Rahmi olmayan kadınların çocuk sahibi olabilmek için taşıyıcı anneliğe başvurduğunu ifade eden Prof. Dr. Mats Brannstrom, bu durumun belli zorlukları da beraberinde getirdiğini vurguluyor. Birçok ülkede etik ve dinî nedenlerle taşıyıcı anneliğin yasal olmadığına dikkat çeken Brannstrom, İngiltere’de halen 15 bin kadının rahimsiz yaşadığını ve her yıl bunların 200′ünün taşıyıcı anneler yoluyla çocuk sahibi olduğunu belirtiyor.

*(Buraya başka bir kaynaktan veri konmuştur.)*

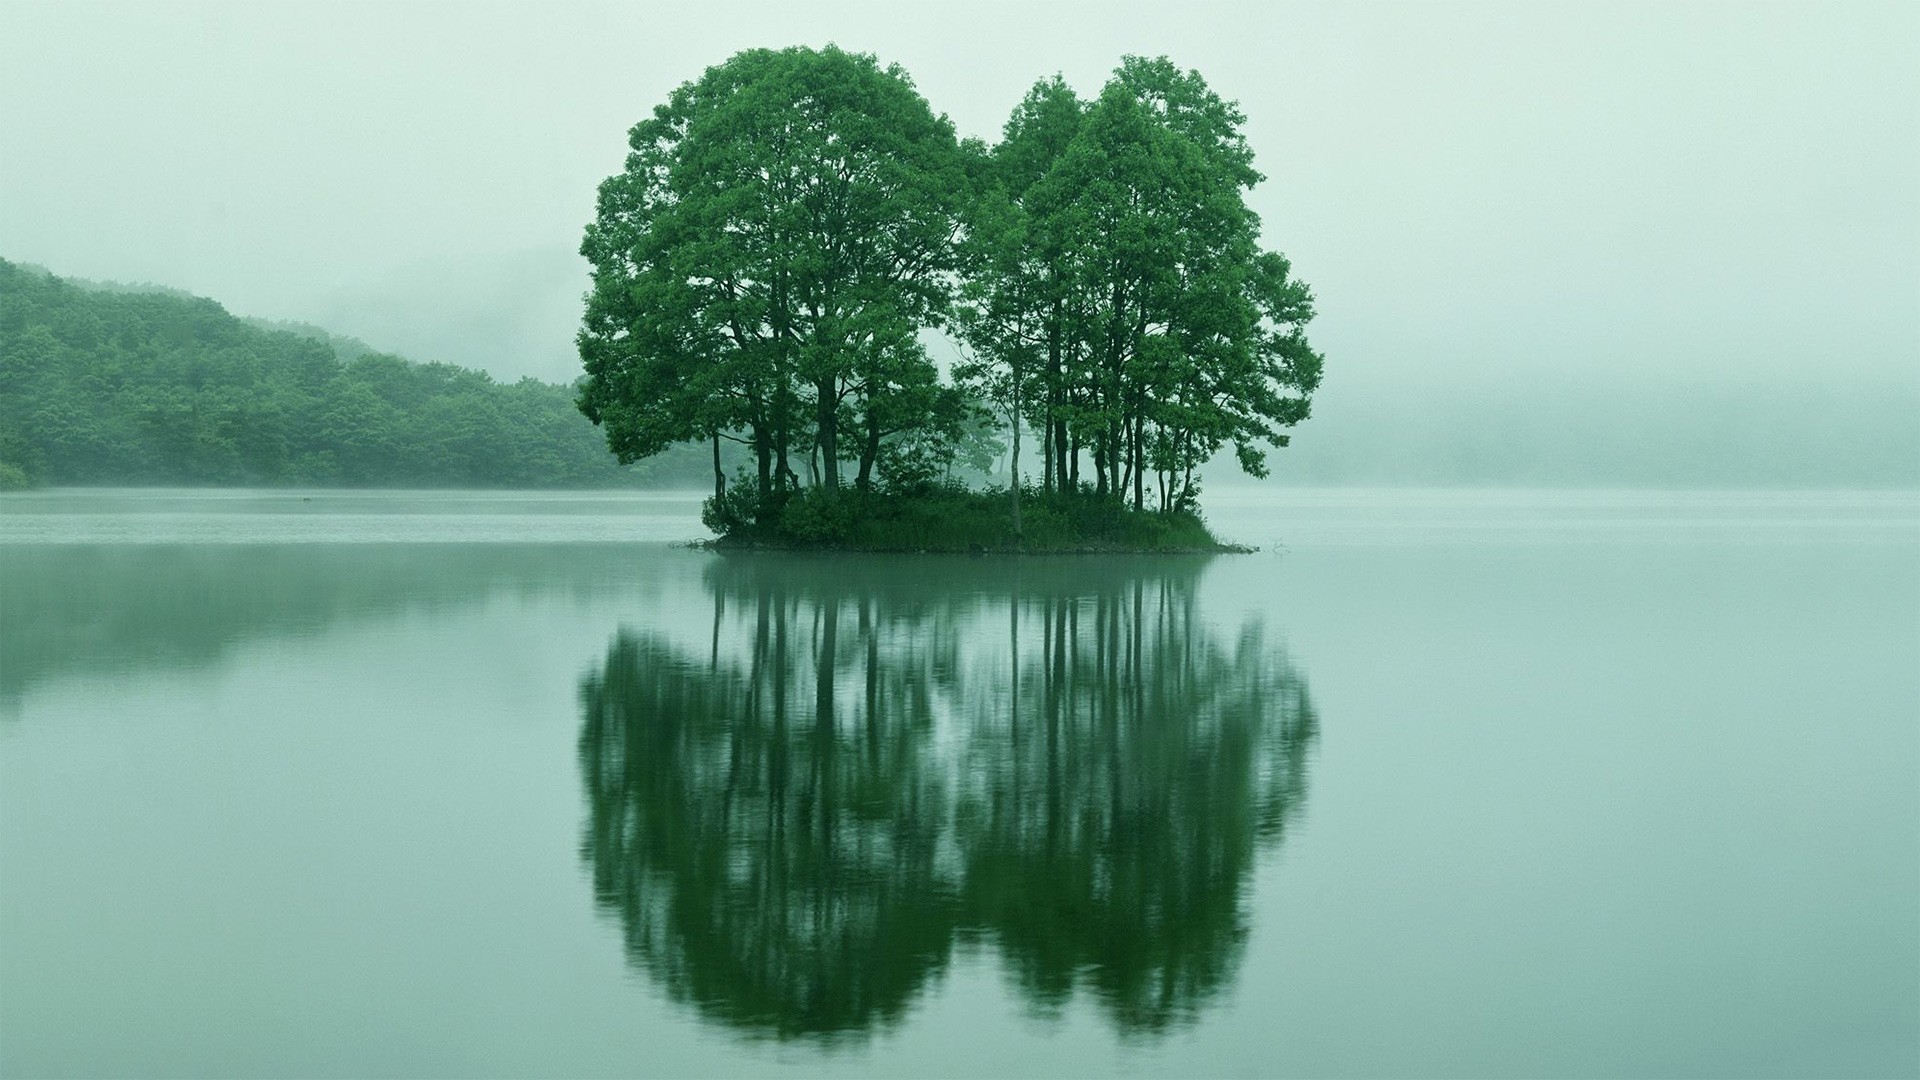 General 1920x1080 lake trees island green mist nature reflection calm waters water

Yumurta Nakliyle de Anne Olacaklar

Amerika’da yumurta nakli konusunda çalışmalar yapan Prof. Dr. Sherman Silber, menopoza giren ya da tüp bebek denemeleri başarısızlıkla sonuçlanan kadınların yumurta nakliyle anne sahibi olabileceğini bildiriyor. Türk Jinekoloji ve Obstetrik Derneği Başkanı Prof. Dr. Bülent Tıraş da gelecekte yumurtalık ve rahim naklinin birlikte gerçekleştirilebileceğini söylüyor. Günümüzde birçok kadının genç yaşta çocuk sahibi olmak istemediğini vurgulayan Tıraş, “Nakille birlikte 25 yaşında yumurtasını donduran bir kadın 45 yaşında kendi yumurtasıyla hamile kalabilecek. Üstelik çocuk sahibi olmanın yanı sıra kadınlar bu yöntemle menopozlarını da geciktirebilecek.” diye konuşuyor.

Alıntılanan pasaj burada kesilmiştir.